Glad to say that one of my cherry shrimp just had babies. Saw one tonight after looking all day for them...now I have about 5 others ready to have some eggs going on...:fun:


----------



## gil_ong (Apr 15, 2008)

awesome! i have about 6 of mine carrying eggs. but who knows when they'll actually hatch?

i also don't many will survive the cories and white clouds in my tank.


----------



## waynside (Aug 21, 2005)

nice nice...i was worried so i took all the fish out of the tank! good luck with yours!


----------



## Guest (Jun 29, 2008)

Nice.
Hah, I never see mine with eggs but its seems like the population doubles everytime I look at the tank. Practically every inch of the tank is covered in cherry shrimp.


----------



## gil_ong (Apr 15, 2008)

Scuba Kid said:


> Nice.
> Hah, I never see mine with eggs but its seems like the population doubles everytime I look at the tank. Practically every inch of the tank is covered in cherry shrimp.


let me know if/when you decide to get rid of some.


----------



## waynside (Aug 21, 2005)

ok...seeing more and more every day. and i have more pregnant cherries!


----------



## gil_ong (Apr 15, 2008)

i've got some babies. they're tiny. throw a sponge over your filter intake if you haven't already.

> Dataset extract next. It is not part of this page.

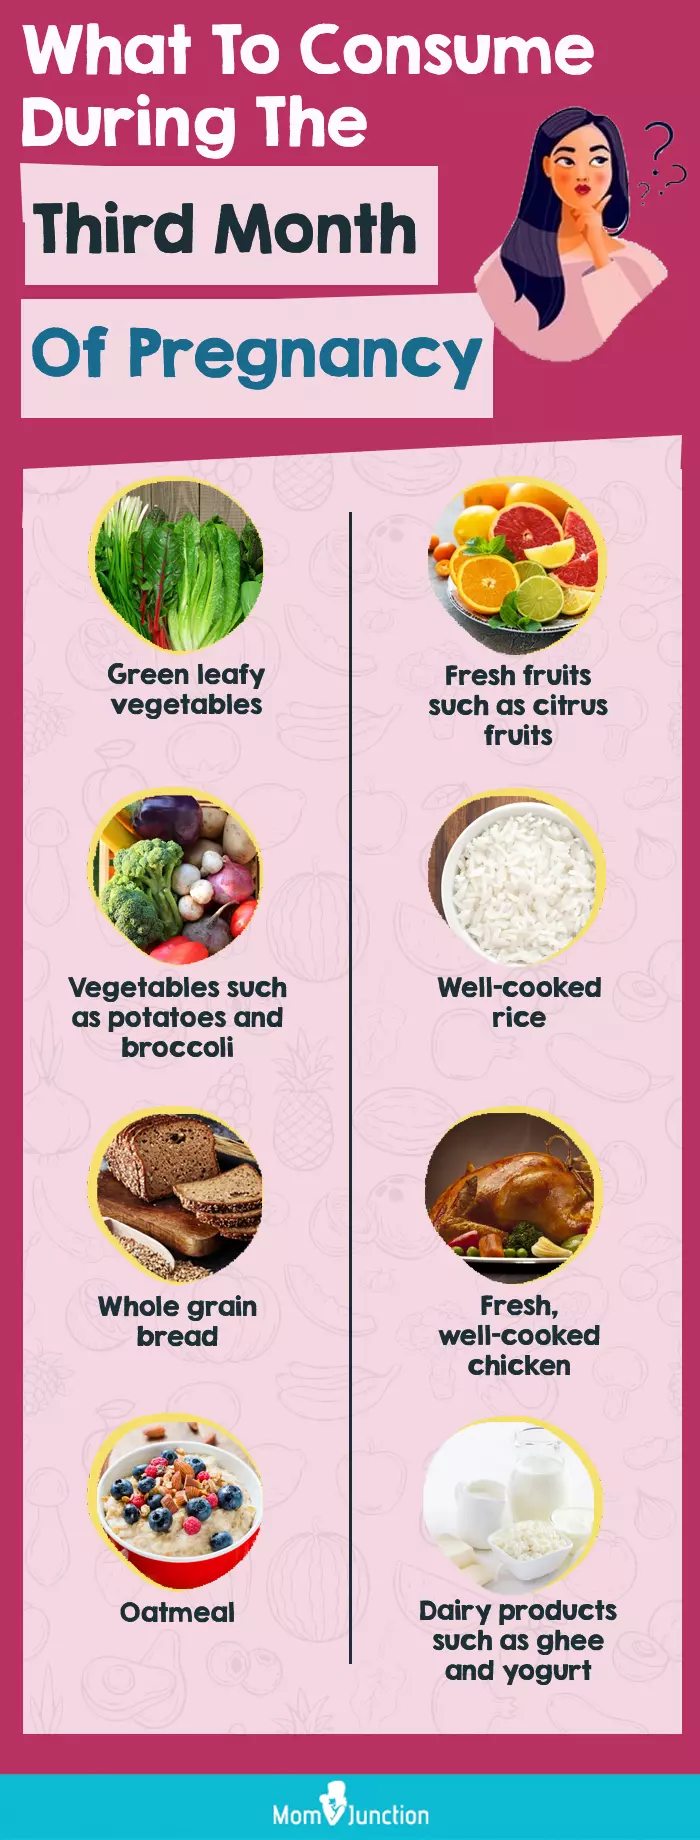 what to consume during the third month of pregnancy (infographic)

and i've also noticed some white specks. not sure if that's the larvae.


----------



## Guest (Jul 7, 2008)

gil_ong said:


> let me know if/when you decide to get rid of some.


Sorry, I like the over abundance of cherry shrimp in this tank. Plus the tank is technically my sister's. :razz:


----------



## Good Wolf (Mar 5, 2008)

gil_ong said:


> i've got some babies. they're tiny. throw a sponge over your filter intake if you haven't already.

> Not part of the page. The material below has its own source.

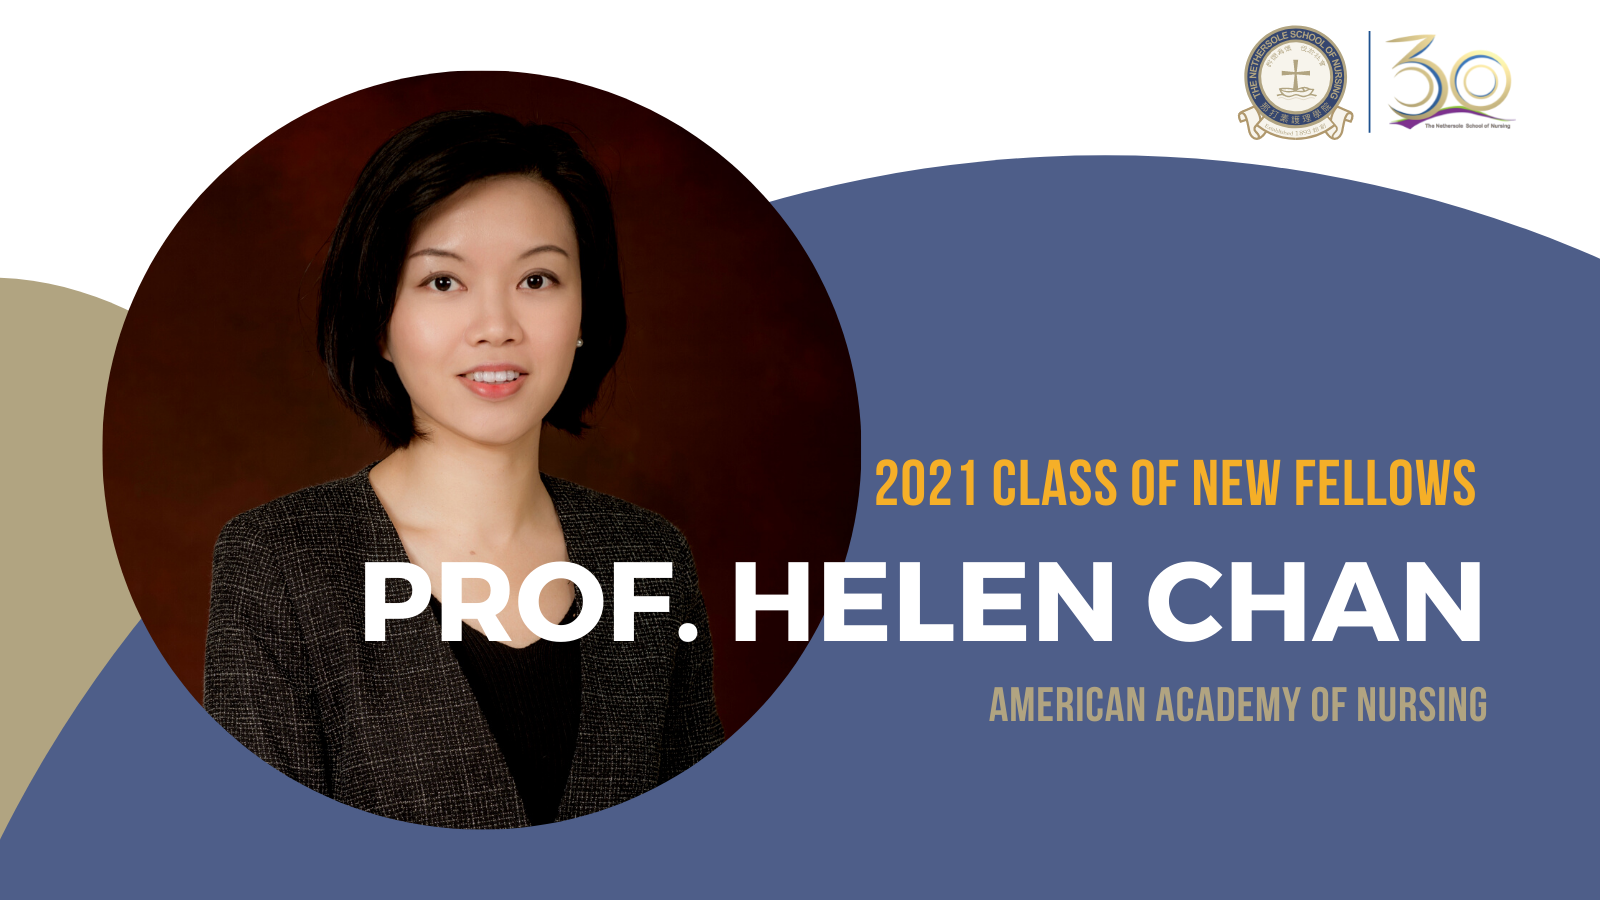 Professor Helen Chan for being selected As Fellow Of The American Academy Of Nursing

What is the best way to do this? Do you just cut a hole in it the size of your intake and slap it on?


----------



## gil_ong (Apr 15, 2008)

Good Wolf said:


> What is the best way to do this? Do you just cut a hole in it the size of your intake and slap it on?


yeah. prett much it. "dig" out a hole.


----------



## sneasle (Jun 25, 2008)

I'm going to second the above comment. If anyone decides to sell some of let me know. The shrimp I can get locally are just so .. boring


----------



## waynside (Aug 21, 2005)

counted 87 babies so far...and have another 8 or so berried in my cherry shrimp tank...

i also have two yellow shrimp berried in their tank as well as two berried tiger shrimp in their tank! 

and...got my crystal red's coming in today!!!


----------



## justintrask (Jun 29, 2008)

hey scuba, i know you said they're not yours, but your not too far from me, so like everyone else said, if she's looking to part with even, even just like, 5, let me know. Only LFS around here that has them they are $4 each, and I dont have that kind of money for shrimp right now.


----------



## Guest (Jul 16, 2008)

Check out local fish club auctions, like Tropical Fish Society of RI. They have an auction coming up in September and there are usually cherry shrimp there. That's how I got my first 12 and it only ended up costing me about $20.


----------



## waynside (Aug 21, 2005)

well over 100 babies are in my cherry tank with many berried females...crazy stuff!


----------



## gil_ong (Apr 15, 2008)

waynside, what else do you have in that tank?


----------



## waynside (Aug 21, 2005)

I have 20 S+ grade Crystal Red Shrimp...


----------